Prospects (Hindrances and Opportunities): As far as the fixed line business goes, the low penetration levels in the country and the increasing demand for data based services such as the Internet will act as major catalysts in the growth of this segment. The PSUs will however continue to retain their dominant position. This is on account of high capital investments required in setting up a nationwide network. As a result, the private sector players will have to rely on key business centers and pockets of high urbanization for their growth. Increasing choice and one of the lowest tariffs in the world have made the cellular services in India an attractive proposition for the average consumer. During FY10, the Government completed the auction of 3G as well as the Broadband Wireless Access (BWA) spectrum auctions. The final price for a pan India 3G spectrum stood at a whopping '16,751 crores. As a result, there was no single operator with a pan India license. The maximum circles that an operator got 3G spectrum was for 13 circles. For BWA, the final auction price for a pan India license was '12,848 crores. There emerged a new competitor in this field with Reliance backed Infotel being the only operator to win a pan India BWA license. The main driver out here would be the ability to get real time information on the move. During the year the Telecom Regulatory Authority of India (TRAI) also proposed new guidelines for charging spectrum fee and for mergers and acquisitions in the sector. On the face of it these guidelines appear to be more detrimental for the sector rather than helpful. If applied, these guidelines would increase the financial burden for the GSM operators by making them pay higher spectrum charges as well as humongous fee for holding higher quantities of spectrum. The guidelines also pose hurdles for mergers and acquisition activities. MNP would definitely lead to an increase in churn in the sector with each operator vying for subscribers attention to their own networks. Hence the operators would have to maintain Quality of Service (QoS) to retain their customers.
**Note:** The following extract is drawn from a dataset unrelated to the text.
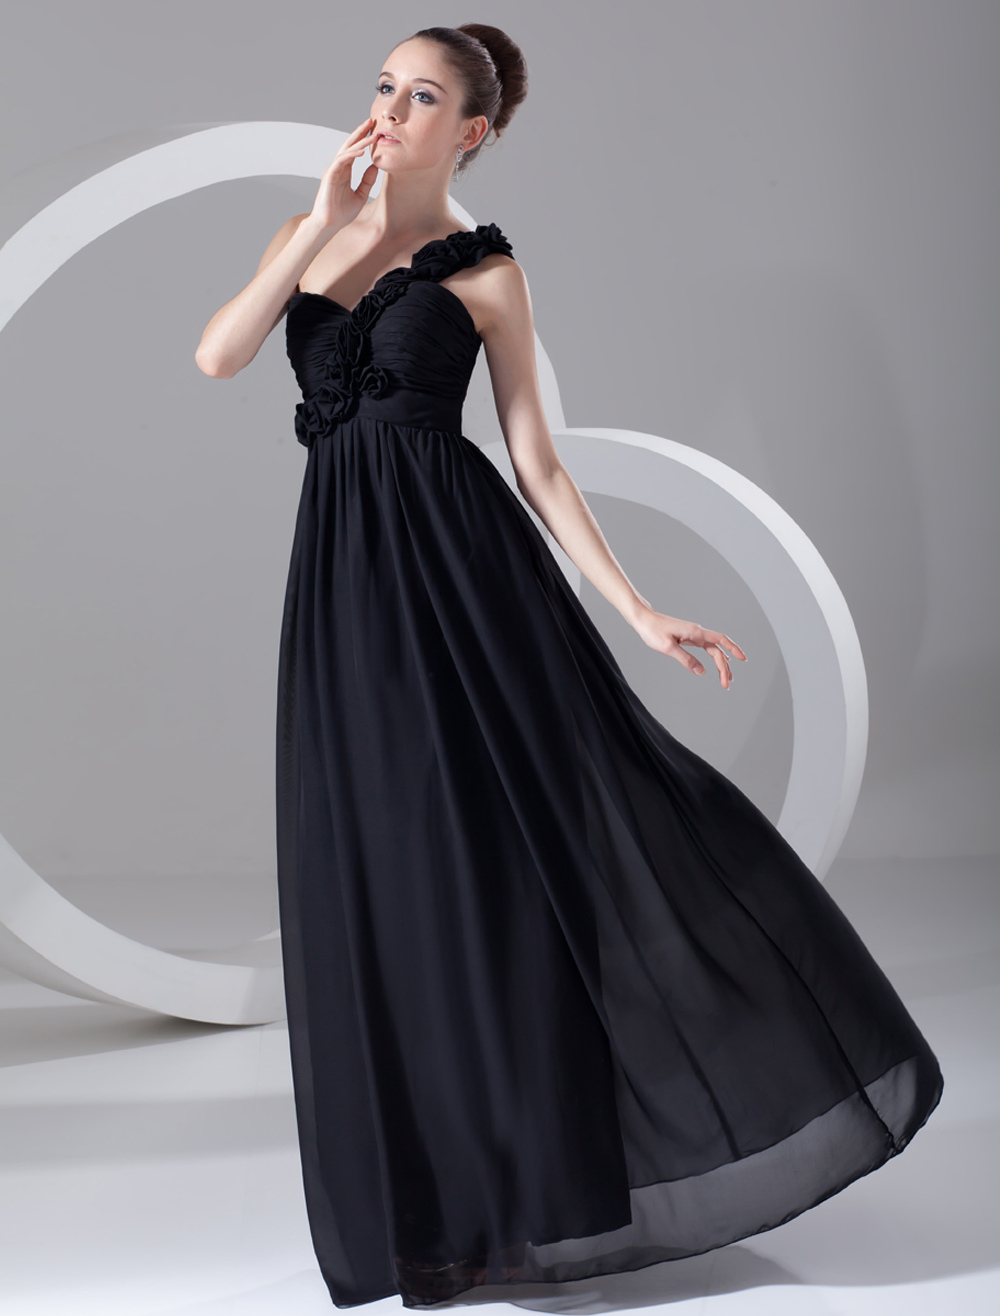 Black Chiffon Floral One-Shoulder Evening Dress (Wedding Cheap Party Dress) photo

Investors can look to capture the gains of the Indian telecom boom and diversify their operations outside developed economies that are marked by saturated telecom markets and lower GDP growth rates. Infrastructure equipment cost is down to a fraction of what prevailed just a few years ago. Operators can plan better expansion plan now. Operators can look at options like Interactive gaming, Mobile TV, M-Commerce and other MVAS to generate revenue and arrest falling ARPUs. Internet users base fast reaching near the English speaking population base. Local language and content required for further growth. Increased viability for the operators to expand to semi-urban and rural markets and hence accelerate the growth further. Mobile advertising is another source of revenue which is expected to grow to $56.6 million in 2011.

Career Prospects:

With the setting up of new service bases, expansion of coverage areas, network installations maintenance etc. the telecom industry is going for high scale requirements. There is high demand for software engineers, mobile analysts, hardware engineers etc. for different work in telecom sector. There are ample opportunities for marketing people whose services are required to capture the ever increasing consumer base.